Oh, and as for the obvious Colorado shooting reference: James Holmes didn't have an assault rifle. Assault rifles are capable of automatic fire, and are therefore basically illegal and damn near impossible to acquire in the US. And again, most gun-carrying people will just run or hide during a massacre (as Colorado is a concealed-carry-legal state, this most certainly happened). If you're out-gunned (concealed handguns are tiny, often weak, and always accurate only in short range) and in a scene of hysteria, then your handgun won't help you. But that doesn't mean you shouldn't have it in case you are ever mugged.
#19 to #18 - malifauxdeux (12/12/2012) [-]
****** , this **** was from three and a half months ago. Why are you commenting on it now?
#20 to #19 - Schwarzenegger (12/13/2012) [-]
I...I don't know. I thought it was recent...   
   
Mfw realizing
I...I don't know. I thought it was recent...

Mfw realizing
#22 to #20 - malifauxdeux (12/13/2012) [-]
You're not the only one either. People have been coming in and down voting this stuff long after it had run its course. Must have something to do with this content being posted in a channel.
User avatar #24 to #22 - Schwarzenegger (12/14/2012) [-]
Possibly.
User avatar #25 - zuflux ONLINE (12/15/2012) [-]
You aremicans should feel lucky. I mean, most of why people get killed so often from guns, are because of the major paranoia inducing newscasting. Sure, the gun laws are kinda liberal, and over here in Norway, the laws are very strict what regarding guns.

But then again, we have very few deaths by guns, or news corporations only covering killings, and gun cases.
#26 to #25 - qwermy (12/17/2012) [-]
Oh, really. Tell me more about how your strict gun laws stopped this guy from killing a lot of people.
User avatar #27 to #26 - zuflux ONLINE (12/17/2012) [-]
I'm not saying it's not possible. Black market.

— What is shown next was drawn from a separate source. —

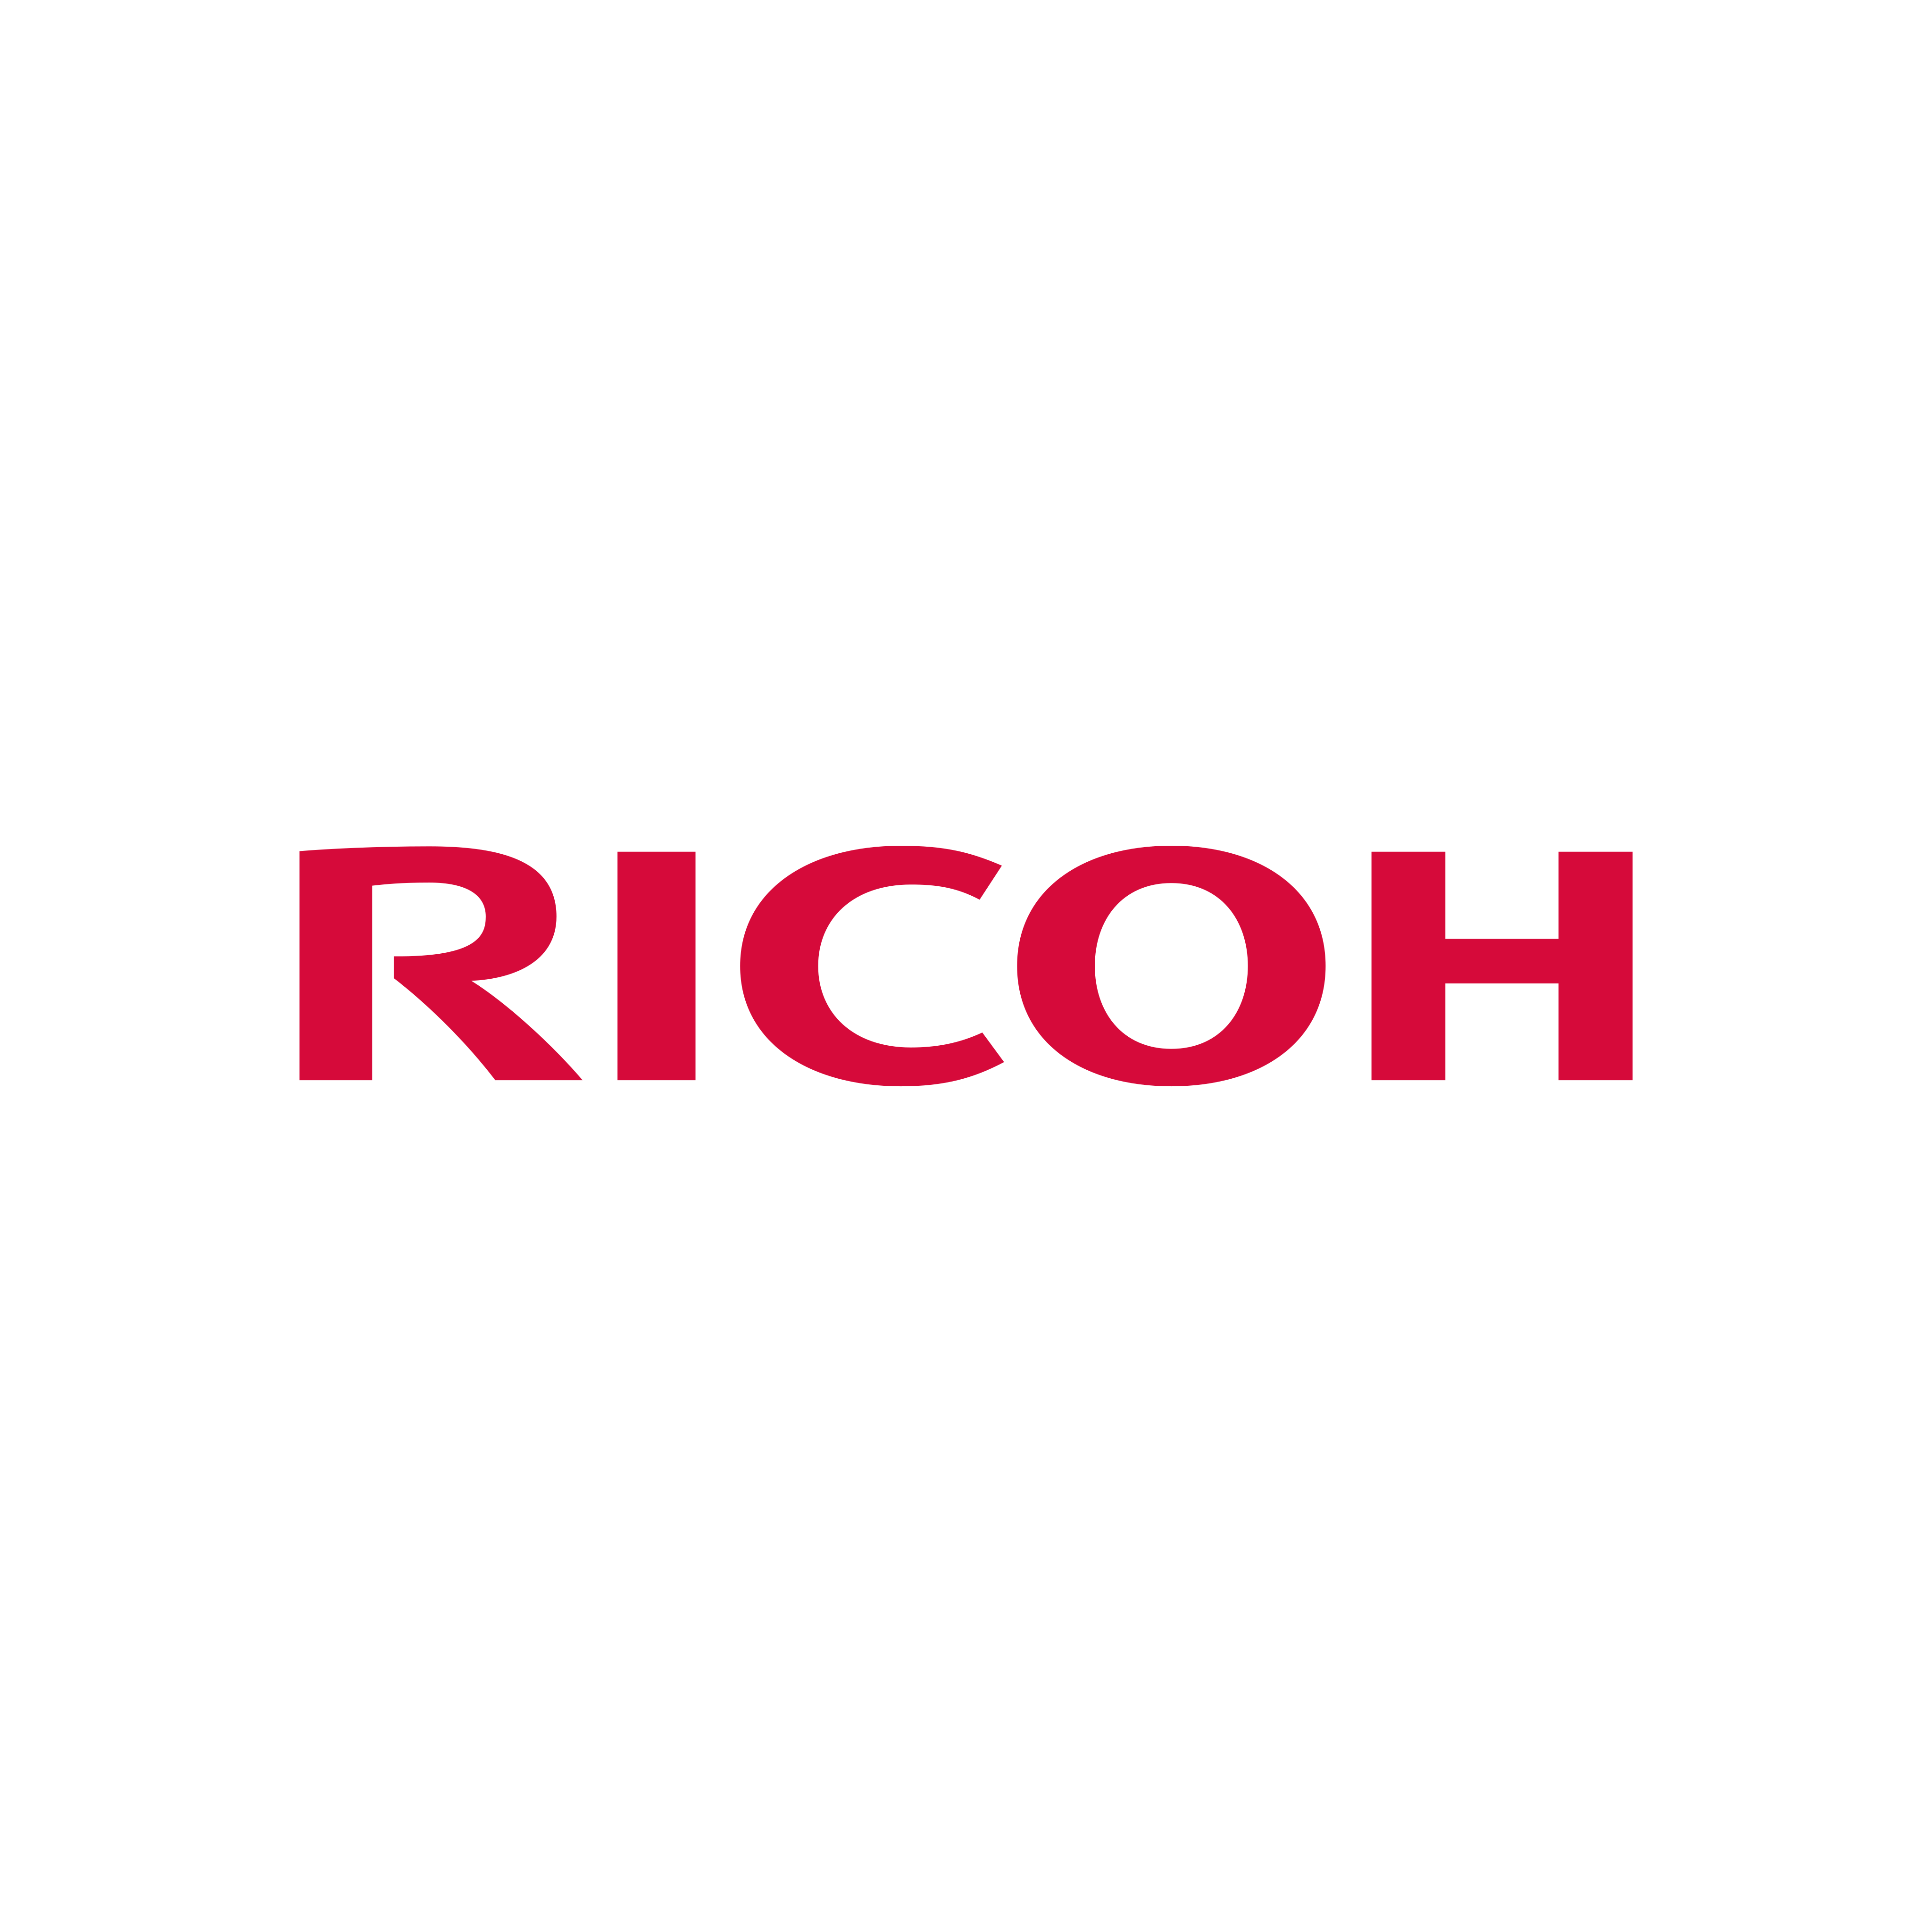 Ricoh Logo PNG.

But it is however, proven, that the media in the US cover cases that has the highest 'shock' value, and hence the term 'sensationalism.' When this is th eonly thing people see in the news, they're frightened, and turn to guns.

Another thing is, tha we have a more peacfull mentality about crimes, and we also have support structures in place to help those who have strayed, or have need for help.

To a sad, lonely, suicidal person in the US, the best option is suicide, but to be remembered, you gotta do something horrible.

ABB wanted to be remembered as a horrible person. And all the attention he got, was just what he wanted.
User avatar #17 - festan (09/02/2012) [-]
I live in Canada, love guns, and everything about them, such as mechanisms and so on. However, I'm not sure how to get a gun licence, or what guns are legal to own, and i can imagine that they would be limited to hunting rifles, shotguns, etc. I am hoping to maybe get a few handguns and an assault rifle, but I'm not sure where to get them or if they are even legal. Anyone from Canada know the gun laws well?